Row upon row, like fields of hemp, range the fairy figures.
I move, my soul goes flying,
I wake with a long sigh,
My pillow and my matting
Are the lost clouds I was in.
...And this is the way it always is with human joy:
Ten thousand things run forever like water toward the east.
And so I take my leave of you, not knowing for how long.
...But let me, on my green slope, raise a white deer
And ride to you, great mountain, when I have need of you.
Oh, how can I gravely bow and scrape to men of high rank and men of high office
Who never will suffer being shown an honest-hearted face!"

Another characteristic of Li Bai is that the drunker he became, the more magnificent and powerful his poems were. It is just like what Mr. Li Hongzhi said, "When one's Main Consciousness relaxes, the Assistant Consciousness will project what it knows into the brain. Because it can see the nature of a matter in another dimension, the work will, accordingly, be done, a paper written, or the music composed." (From "Mind-Intent" in Chapter Nine of Zhuan Falun.)

I had thought that Chen Tuan's sleeping and Li Bai's fondness of drinking were odd characteristics of those holy hermits and recluses. After I obtained the Fa, I realized that behind these unique habits were ways of cultivation. In the past, many people were staggering in the cultivation of the small branches of Taoism because they couldn't obtain Falun Dafa. They paid a hefty price for their cultivation, and suffered a lot only to enlighten to a very tiny portion of the Fa. Although they appeared to be extraordinary in the eyes of ordinary people, they were not much more enlightened than ordinary people.

In the Chun Qiu period, there was a Chinese zitherist named Shi Kuang, who could foretell the result of a war based on how a person's mood was expressed in Shi's music. According to the legend, Jin Ping Gong, ruler of Jin, asked Shi Kuang to prophesy the outcome of the war when he heard that the Chu were about to attack the Zheng. Shi Kuang played the Chinese zither, and sang different songs in northern and southern China. He then reported to Jin Ling Gong, "Chu dominates the weak by being strong and will definitely lose in the end." As Shi Kuang expected, several days later the news of Chu's defeat was delivered.

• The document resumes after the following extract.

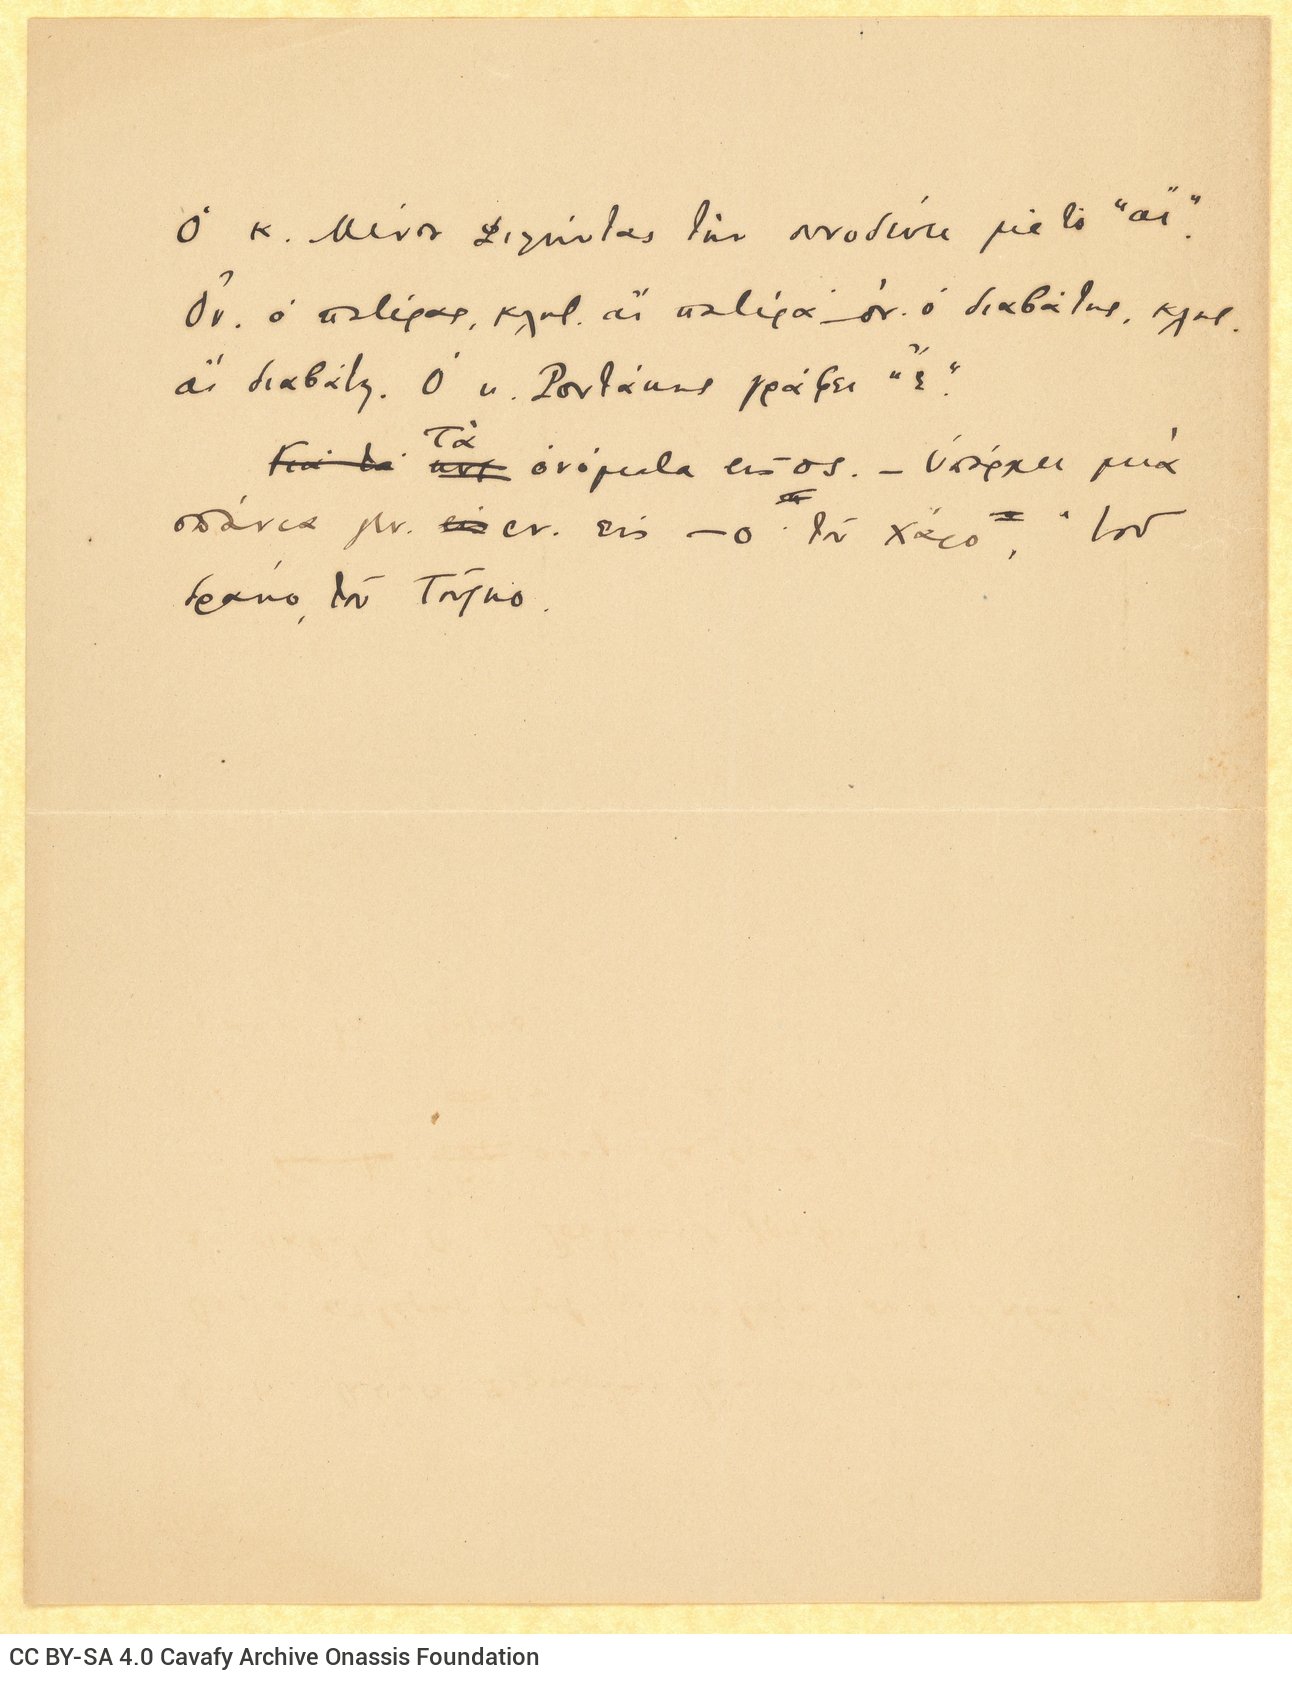 Handwritten note of linguistic content in the first page of a bifolio. The remaining pages are blank.

Shi Kuang was not born blind. Records of the Countries in the Eastern Dong Zhou Period said that he smoked his eyes to blindness with wormwood. His story stuck me as incredible when I first read it. Later I came to understand that it's because he felt that the things he saw with his eyes distracted and confused him. That was why he chose to attain peace by ruining his eyes. The sheer will to cut off distraction from his cultivation was no different from that of Huike, Patriarch II in Zen Buddhism, who broke his arm in front of Boddhidarma, the founder of Zen Buddhism, to prove his will to cultivate. Huike was comparable to Shi Kuang in the way that they both had adopted an "intentional" way to obtain a clear and clean mind in the small branches of Daoism. Seeking outward, however, cannot fundamentally help Shi Kuang arrive at a clear and clean mind and a high level of cultivation. As a result, his achievement was limited to divination or, "telling the fortune by playing the Chinese zither and singing songs." Although he seemed to have acquired supernormal abilities in the eyes of ordinary people, he suffered more than he gained from the Fa in the eyes of someone who has obtained the Fa of Falun Dafa.

Mr. Li Hongzhi has disclosed numerous heavenly secrets in Zhuan Falun. The principles he described in the book completely cover the profound mystery of the universe from the most microscopic to the most macroscopic. Looking back at ancient Chinese culture after acquiring the Fa of Falun Dafa, I began to understand many seemingly strange and unreasonable stories. These strange stories were actually individual cultivation stories at different levels. When I looked at the broad and profound Chinese culture from the perspective of a cultivator, I found that many profound and mysterious matters in history to be straightforward and simple. I believe it was because the Fa has unlocked my wisdom.